Referring to Fig. 4, one embodiment of the application provides a kind of multi-modal interactive output method based on visual human, described virtual
People runs in smart machine, including step 401 is to step 406.
Step 401:Visual human is waken up, the visual human is shown in default display area.
In the embodiment of the present application, the visual human is built by 3D high moulds and generated, and possesses default image and technical ability,
Such as visual human can be the image appearance of real human, primate either cartoon figure etc., possessing can be according to connecing
Received voice carries out the function of nozzle type imitation and facial emotion behavior.
The default display area can include the projection of the display interface or intelligent holographic projector equipment of smart machine
Region.
In the embodiment of the present application, the visual human can in standby, dormancy isotype, it is automatic when needing to be imitated or
Visual human is waken up manually so that visual human shows that image, such as visual human are operated on smart mobile phone in smart machine
One application program, the image of the visual human is the face image of the real human of display after which opens, can
With the voice by obtaining one section of real human, cutting word after text is converted the speech into, the visual human is according to cutting word result
The imitation of nozzle type is carried out, and the corresponding affection data of the voice data can be calculated, when carrying out nozzle type imitation by described in
Affection data fusion is entered, and more vivid imitation is presented, when the application program without using when will enter on backstage it is temporary
When resting state, it is necessary to when use manually from backstage switch, you can wake up the visual human run in the application program.
In addition, the visual human can also be the hologram of intelligent holographic projector equipment projection, the hologram
Projected area is the display area of the visual human.
Step 402:Multi-modal data is obtained, voice data is included at least in the multi-modal data.
In the embodiment of the present application, the multi-modal data is acquired based on hardware, and the hardware can be smart machine
Built-in or external microphone, camera or touch-screen etc..
Step 403:The multi-modal data is parsed, to obtain the semantic data and affection data in the voice data.
In the embodiment of the present application, the multi-modal data is that brain i.e. server is parsed beyond the clouds, then will parsing
The facial parameter of obtained affection data, semantic data and visual human are matched.
Step 404:Cutting word is carried out according to the semantic data, the nozzle type model of cutting word result and the visual human are carried out
Matching, to generate mouth bionic data and export.

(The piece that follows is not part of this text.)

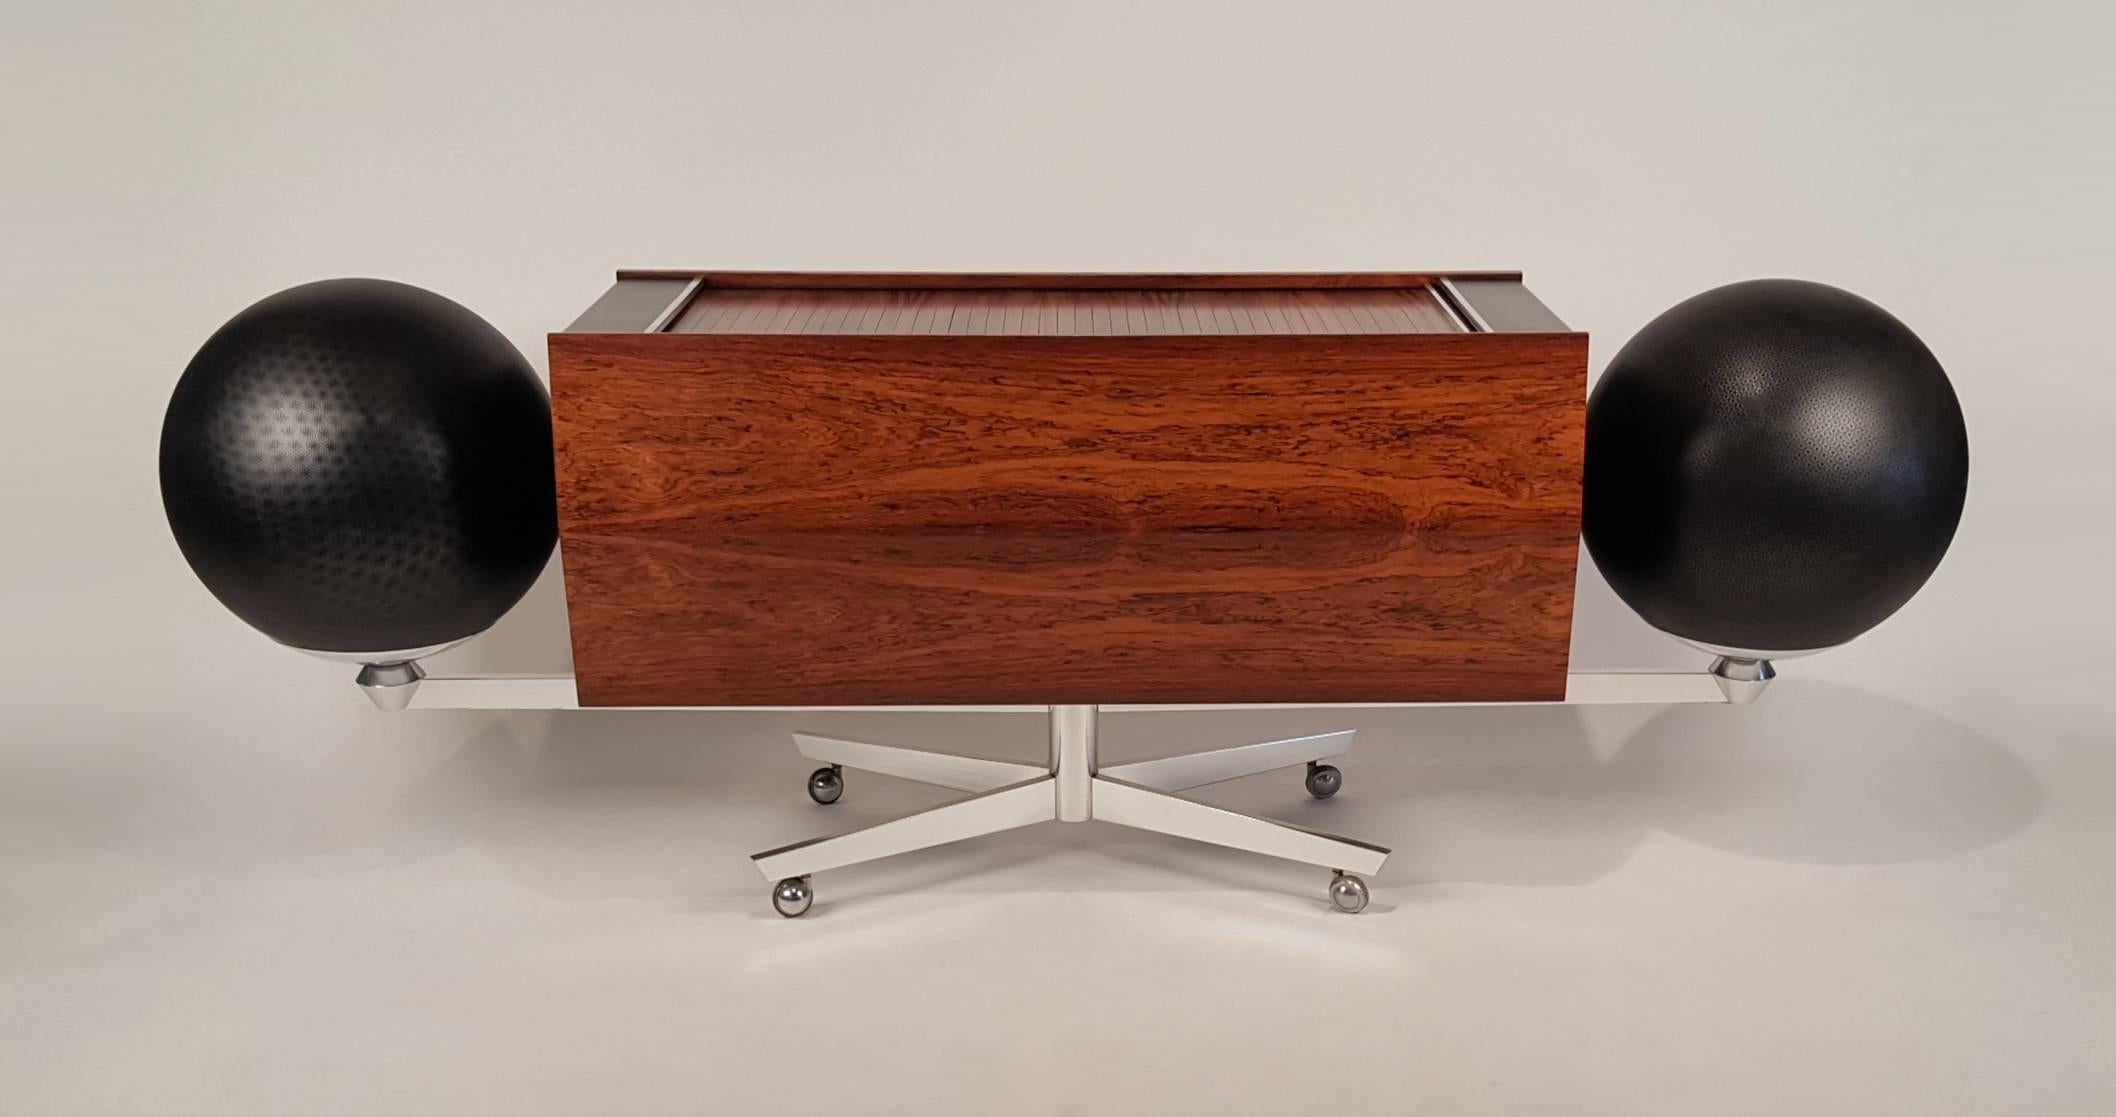 "Project G epitomized high design, pure form, the perfection of how sacred platonic geometry can bring our banal, everyday products to a higher spiritual art form. It set the trend for stereo equipment to become a composition of extreme pure

In the embodiment of the present application, the voice data is converted into text, then basis is obtained from the voice data
Semantic progress cutting word of the semantic data arrived to text based on context.

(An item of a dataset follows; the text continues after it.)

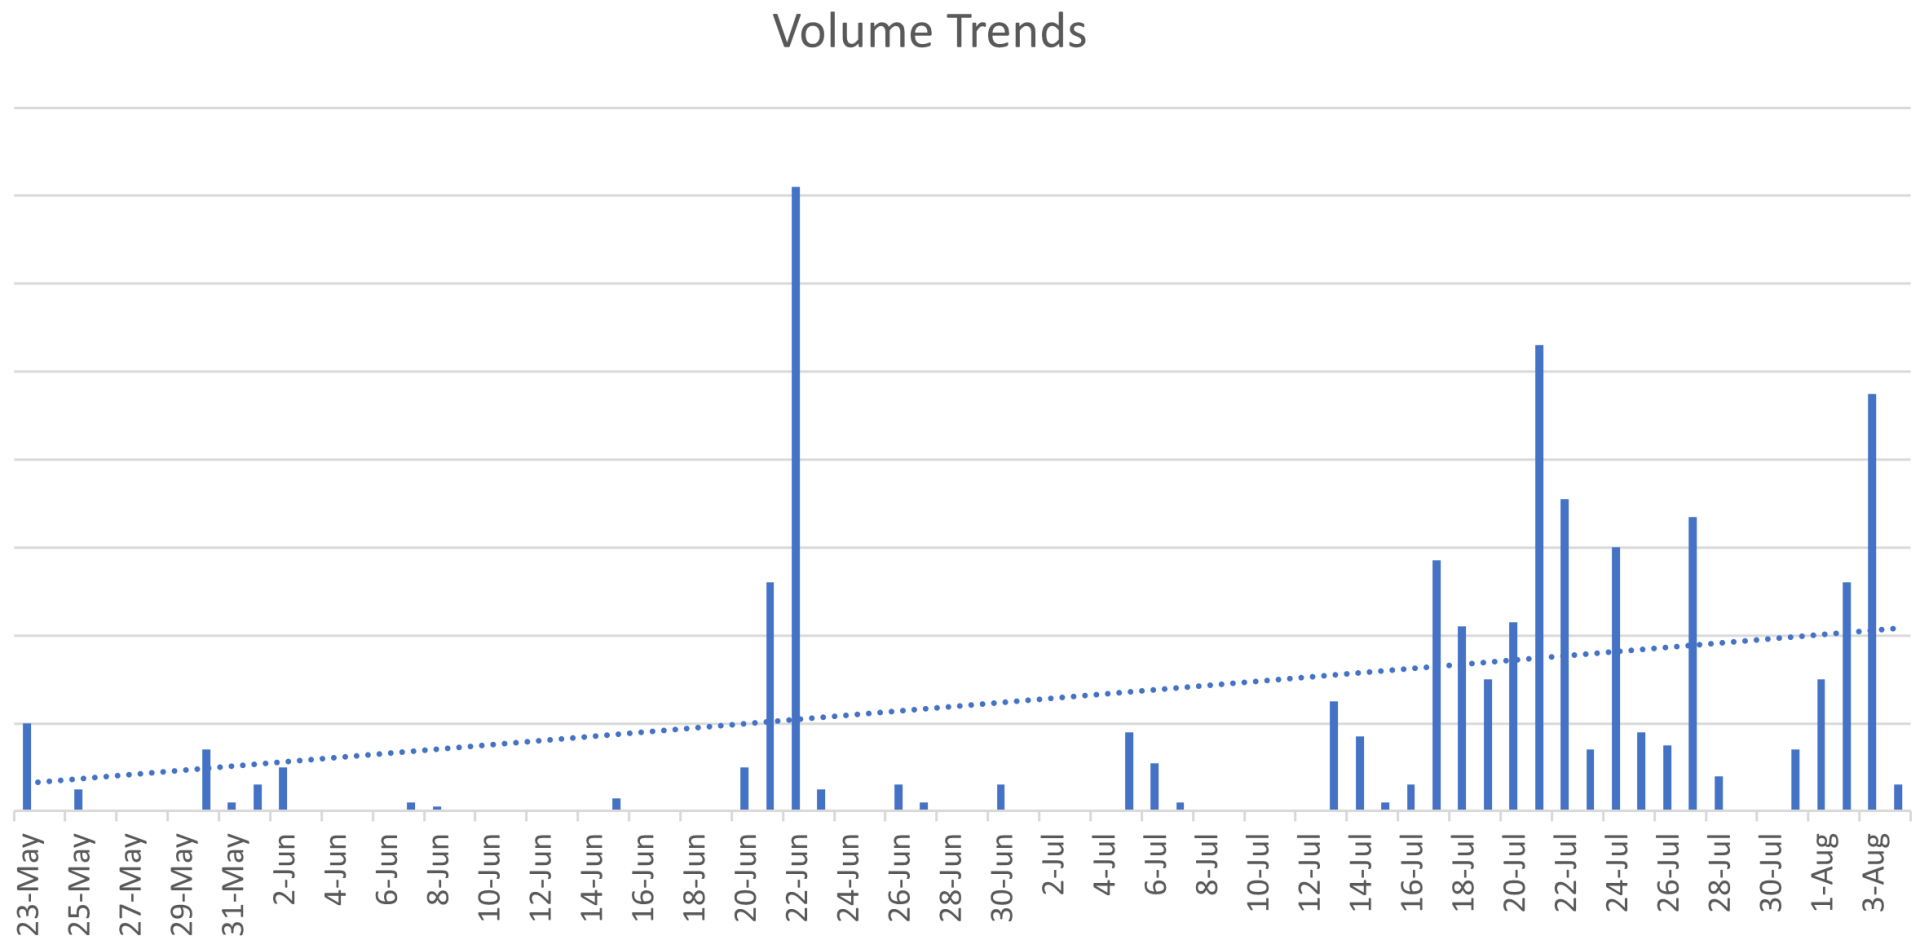 Figure 6: Volume Trends by Date

Step 405:For the affection data, affective tag is set.
Step 406:According to the corresponding facial parameter set of affective tag selection, to coordinate the mouth of the nozzle type model
Portion's bionic data.
In the embodiment of the present application, when the visual human is imitated according to one section of voice, the corresponding text of voice data
Determine cutting word as a result, the matching that the nozzle type model of the result of cutting word and the visual human are carried out, realizes the visual human
The mouth of the voice is imitated, while the visual human carries out mouth imitation, the face of the visual human also can basis
The affection data being calculated is changed accordingly, and mouth movement and face operation are combined realization pair by the visual human
The imitation of the voice of real human or primate, the nozzle type of the visual human is imitated and facial emotion changes what can be imitated
Incisively and vividly.
Referring to Fig. 5, exemplified by operating in the visual human on smart mobile phone and realize the speech imitation of real human, the application carries
For a kind of multi-modal interactive output method based on visual human, including step 501 is to step 507.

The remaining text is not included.